La tercera es la conversión dinámica de divisa. Es la pantalla del datáfono o del cajero que ofrece pagar en euros en lugar de en la moneda local. Parece cómodo porque evita hacer cálculos, pero Visa explica que esa opción incorpora tipo de cambio y tasas adicionales. En la práctica, puede convertir una compra normal en una operación más cara sin que el viajero lo note hasta revisar el cargo.
Estados Unidos, México y Canadá no tienen la misma letra pequeña
El Mundial 2026 tiene una particularidad incómoda para el bolsillo: se disputa en tres países y tres monedas. Un viaje que combine sedes puede mezclar dólares estadounidenses, pesos mexicanos y dólares canadienses en pocos días. Eso complica comparar precios y controlar el gasto real en euros.
En entradas generales, FIFA centraliza el cobro para aficionados internacionales en dólares estadounidenses. En hospitality, en cambio, la compra se vincula al país anfitrión de cada paquete. Además, On Location, proveedor oficial de hospitality, señala que las compras en diferentes países requieren transacciones separadas. Para el viajero, eso significa más operaciones, más cambios de divisa posibles y más ocasiones para que aparezcan comisiones.
También conviene distinguir entre pagar con tarjeta, sacar efectivo y cambiar dinero. BBVA recuerda que el tipo de cambio es libre y que las comisiones bancarias pueden variar según contrato, con rangos que pueden moverse entre el 3% y el 5% en determinados servicios de cambio. La clave no es asumir una cifra universal, sino revisar condiciones antes de viajar.
El coste oculto está en repetir operaciones pequeñas
Una comisión aislada puede parecer menor. El problema aparece cuando se repite durante una semana de viaje: una comida, un taxi, una camiseta, una retirada de efectivo, un pago en el estadio, otra reserva y una compra de última hora.
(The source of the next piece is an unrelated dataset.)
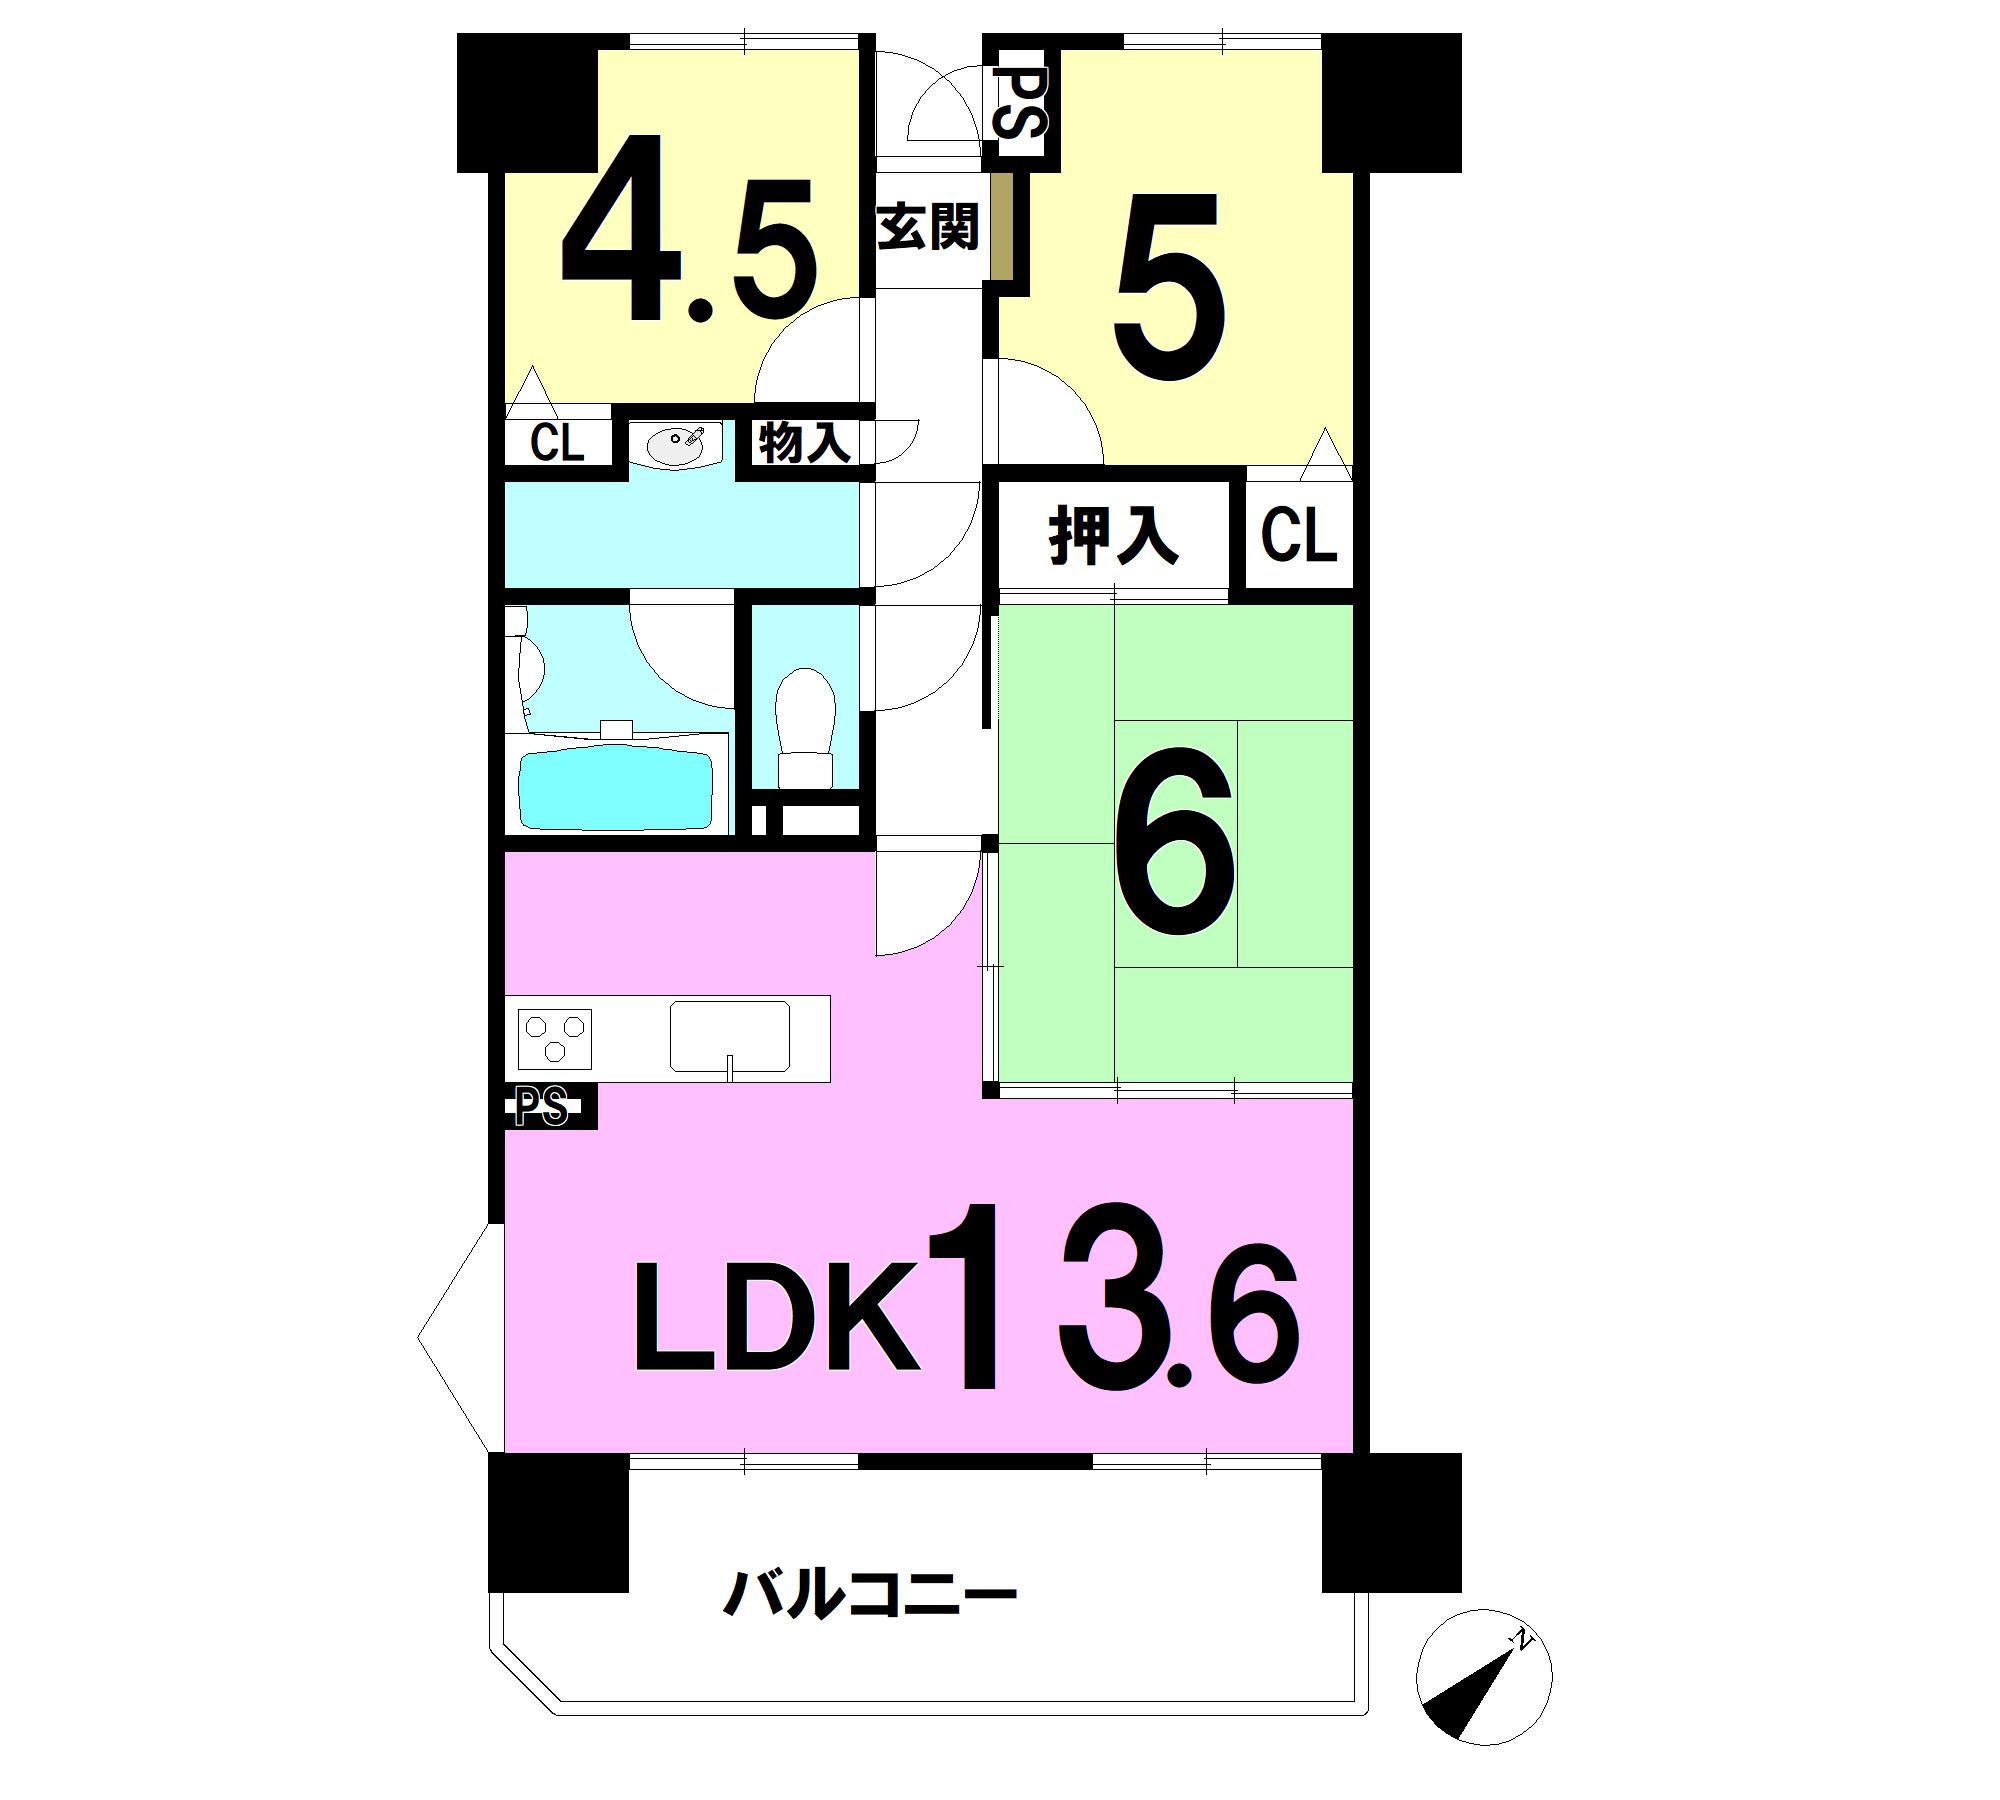 【間取り】 13.6LDK 6和 5洋 4.6洋

Si cada operación incorpora cambio, margen o comisión, el sobrecoste se acumula.
No hace falta convertir esta noticia en una recomendación de una tarjeta concreta. La decisión prudente es más básica: comprobar la comisión por pago en divisa, la comisión por sacar efectivo fuera de la zona euro, el tipo de cambio aplicado, los límites gratuitos si existen y qué ocurre si el comercio ofrece pagar en euros.
Para el lector español, la pregunta antes de viajar al Mundial no es solo cuánto cuesta la entrada. Es cuánto costará pagar todo lo demás. En un torneo repartido entre tres países y tres monedas, la letra pequeña bancaria puede ser una parte silenciosa del presupuesto.